Business owners may be particularly well-placed to consider a prenuptial agreement or postnuptial contract. These agreements can reflect specific decisions about the future of the business in case of a divorce. Because entering into a “prenup” or “postnup” is a negotiation, both parties’ interests should be represented. Indeed, in an effort to protect those interests, each party should be represented by legal counsel. These kinds of agreement may contain a number of provisions. For example, the agreement might spell out that the business is the separate property of the party who established it, especially if it was launched prior to the marriage.

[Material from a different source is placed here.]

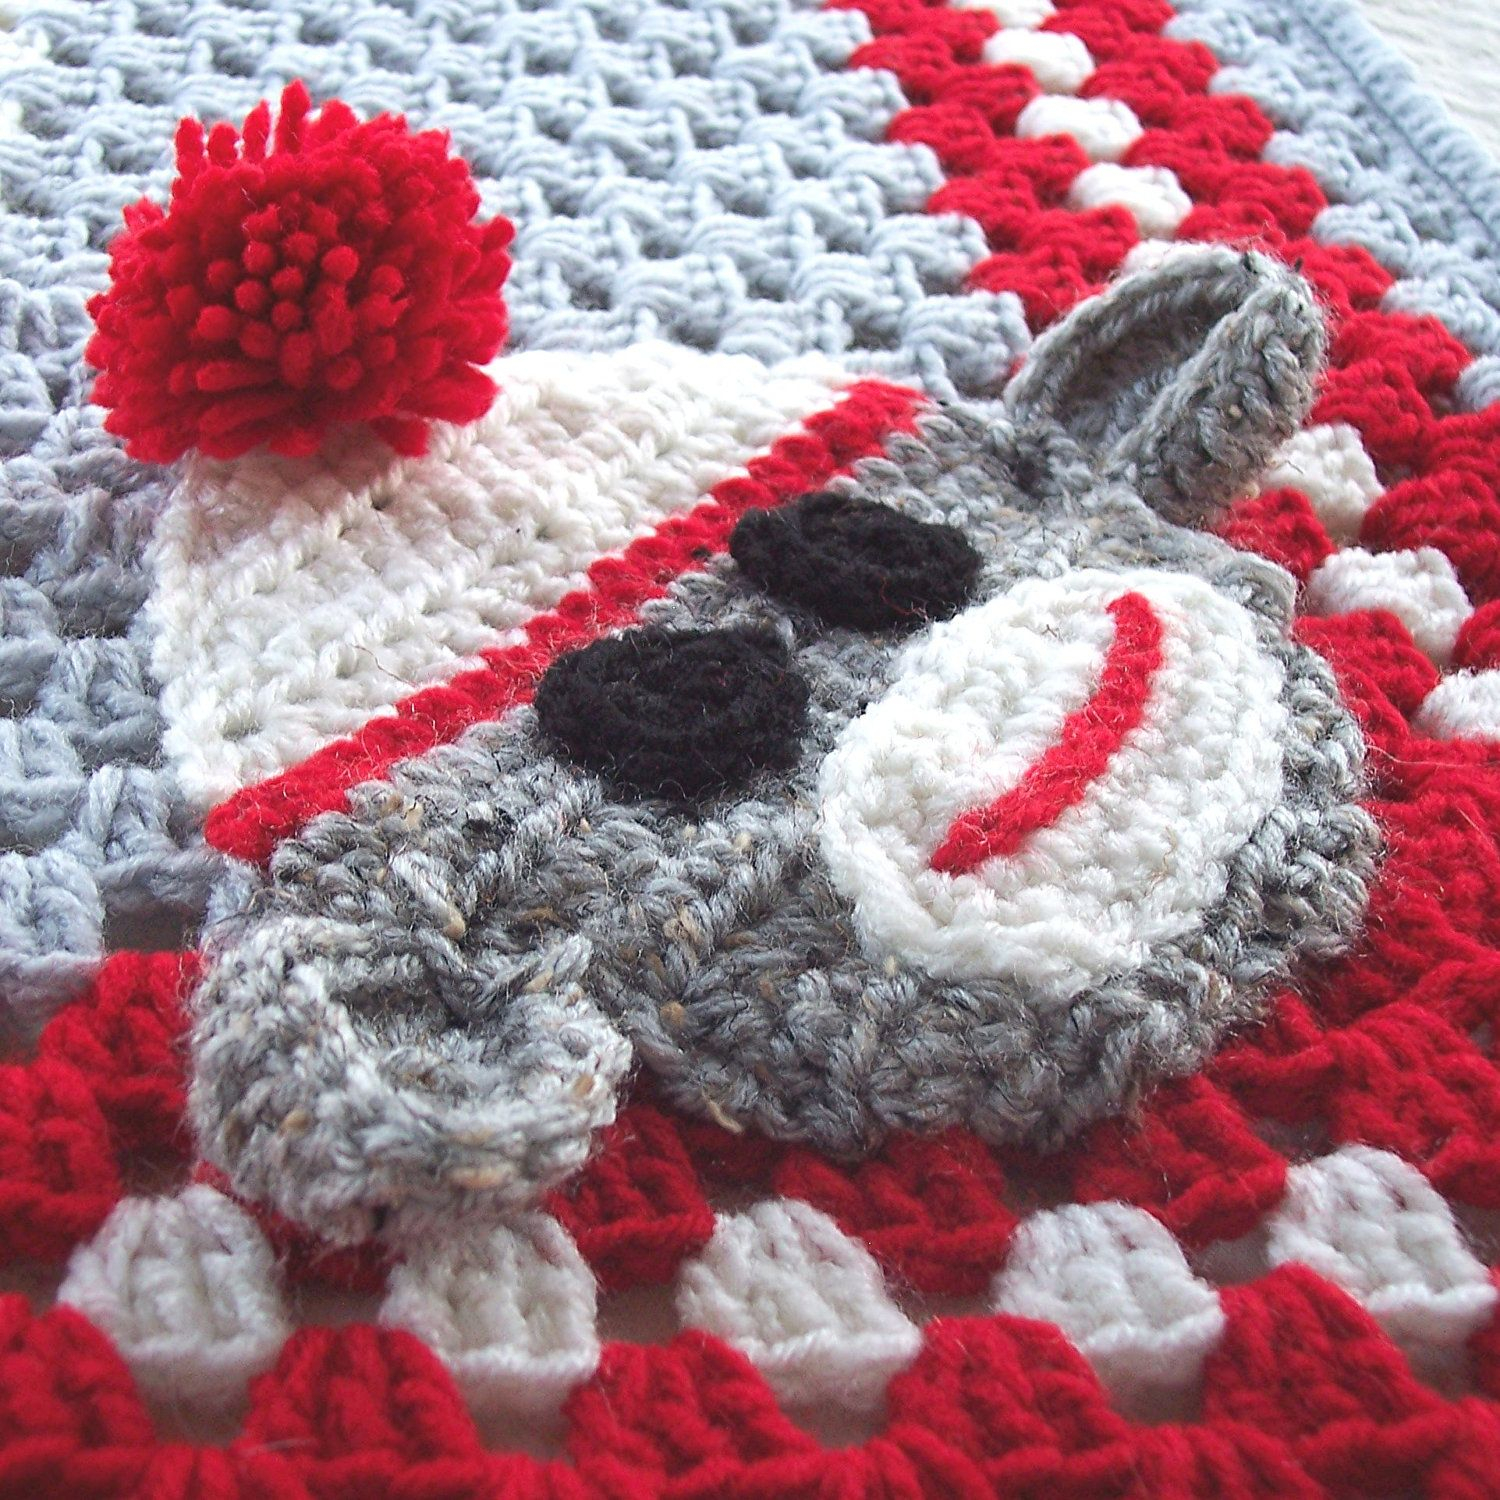 Sock Monkey Afghan Crochet Pattern Free Sock Monkey Granny Square Blanket Red And Gray Crochet Ba

Increases in the value of the business over the period of the marriage can be handled differently. The spouse may have a specific percentage interest in these increases, but the agreement could also specify that the division should take place through cash and other items rather than by dividing the business. When both spouses are partners in the company, the agreement could specify which person should buy out the other after a split.
Business owners considering divorce have additional considerations to protect their enterprises. A family law attorney can advise a divorcing spouse and work to achieve a fair settlement on issues such as property division and spousal support.